There are those who propose that we should not eat meat as our ancestors were basically vegetarian. Yet, some 5 million years ago we had a cousin (australopithelus robustus ), descended from ramapithecus, our common ancestor. Robustus was vegetarian but that line died out.
There is much evidence to show that our forbearers (australopithelus africanus) ate plenty of fish and fowls and that, 2 million years ago, they used stone tools to cut up meat.
Meat has a more concentrated supply of protein than plants.

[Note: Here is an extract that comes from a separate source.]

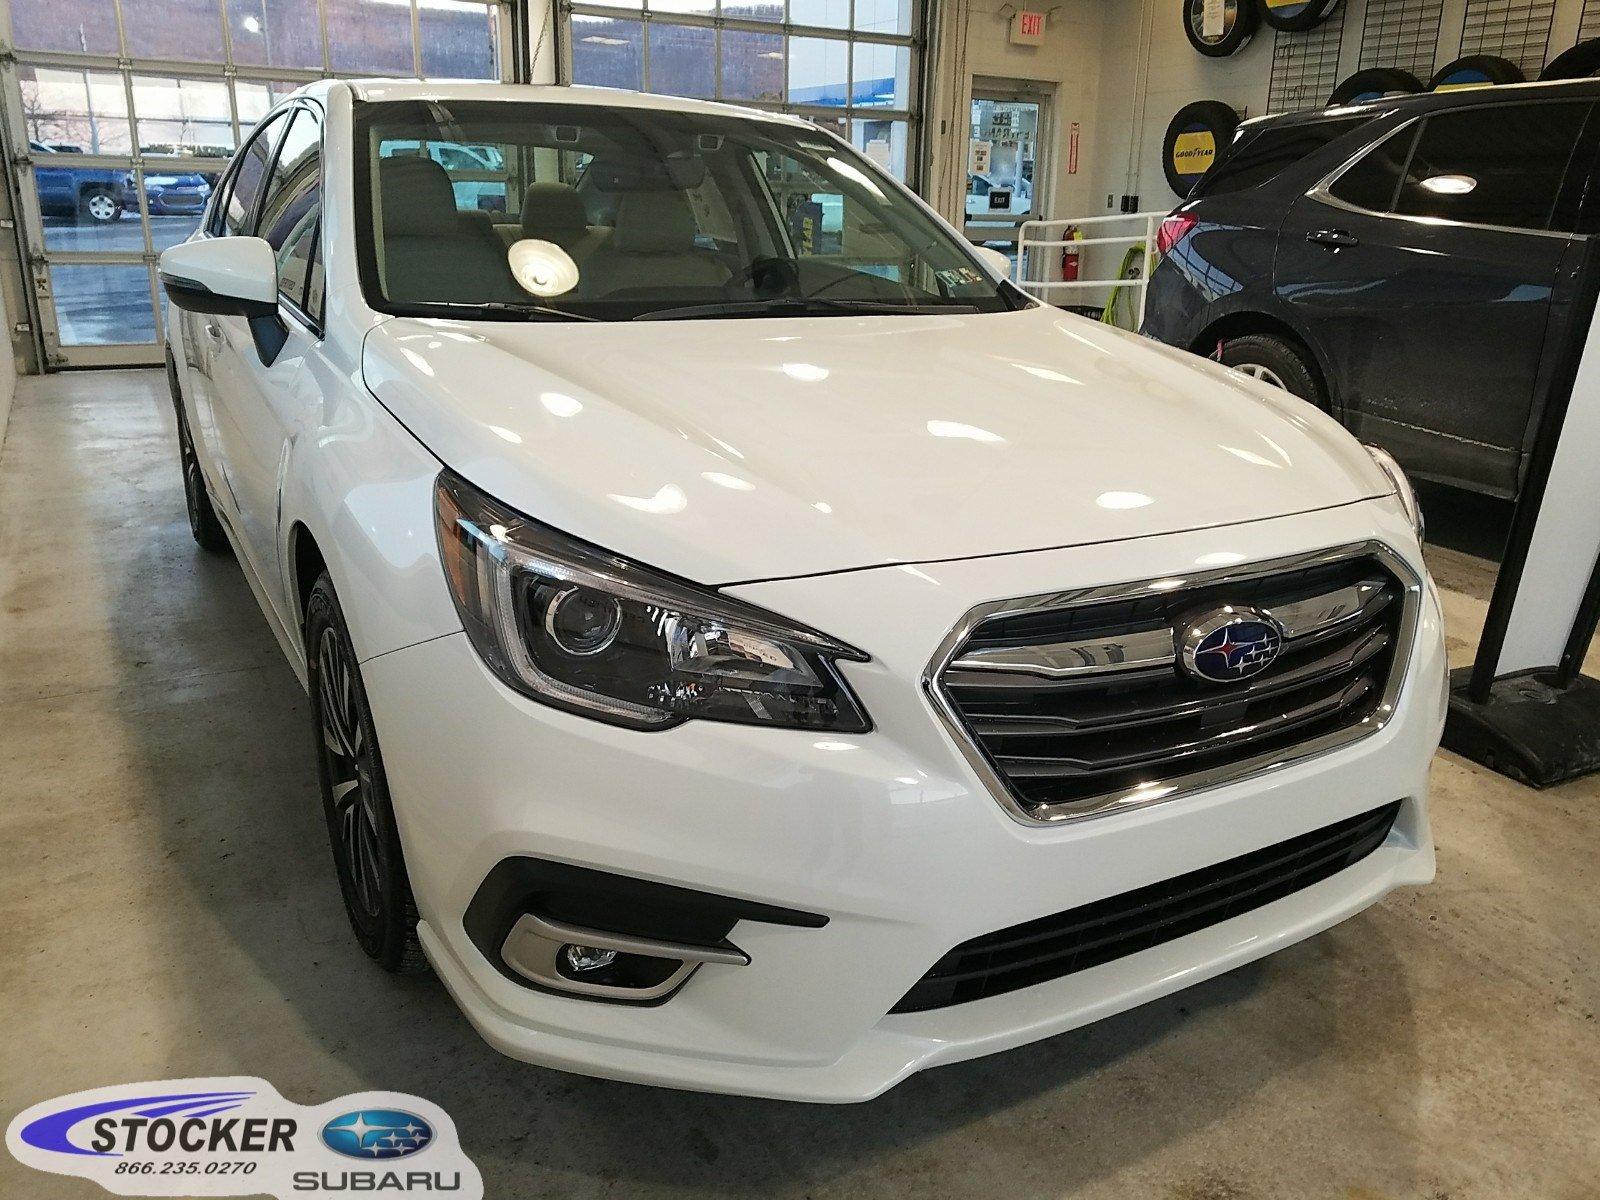 2019 Subaru Legacy 2.5i Premium Sedan for sale in State College, PA

Eating meat, therefore, cuts down the bulk and the time spent in eating by two thirds. The author of ‘The Ascent of Man’ Dr Jan Bronowski, rates this extra time as the spur that enabled our forbearers to move from the biological evolution of man to the next 2 million years of cultural evolution - the making of tools and various art forms which led us,12,000 years ago, into the Agricultural Revolution.
Our Stone Age ancestors ate three times the amount of protein that we do; half the fat; six times the fibre; two to three times the calcium; and no sugar - apart from the occasional honey.
Over many millennia, mankind learnt through trial, error and instinct which foods were beneficial. Animals still have this instinct yet homo sapiens seems to have lost it. As I walk across the paddocks with my dog I notice that at certain times of the year she will eat certain grasses. Livestock will often eat what we may term weeds - they seem to know that they need what that particular plant has to offer.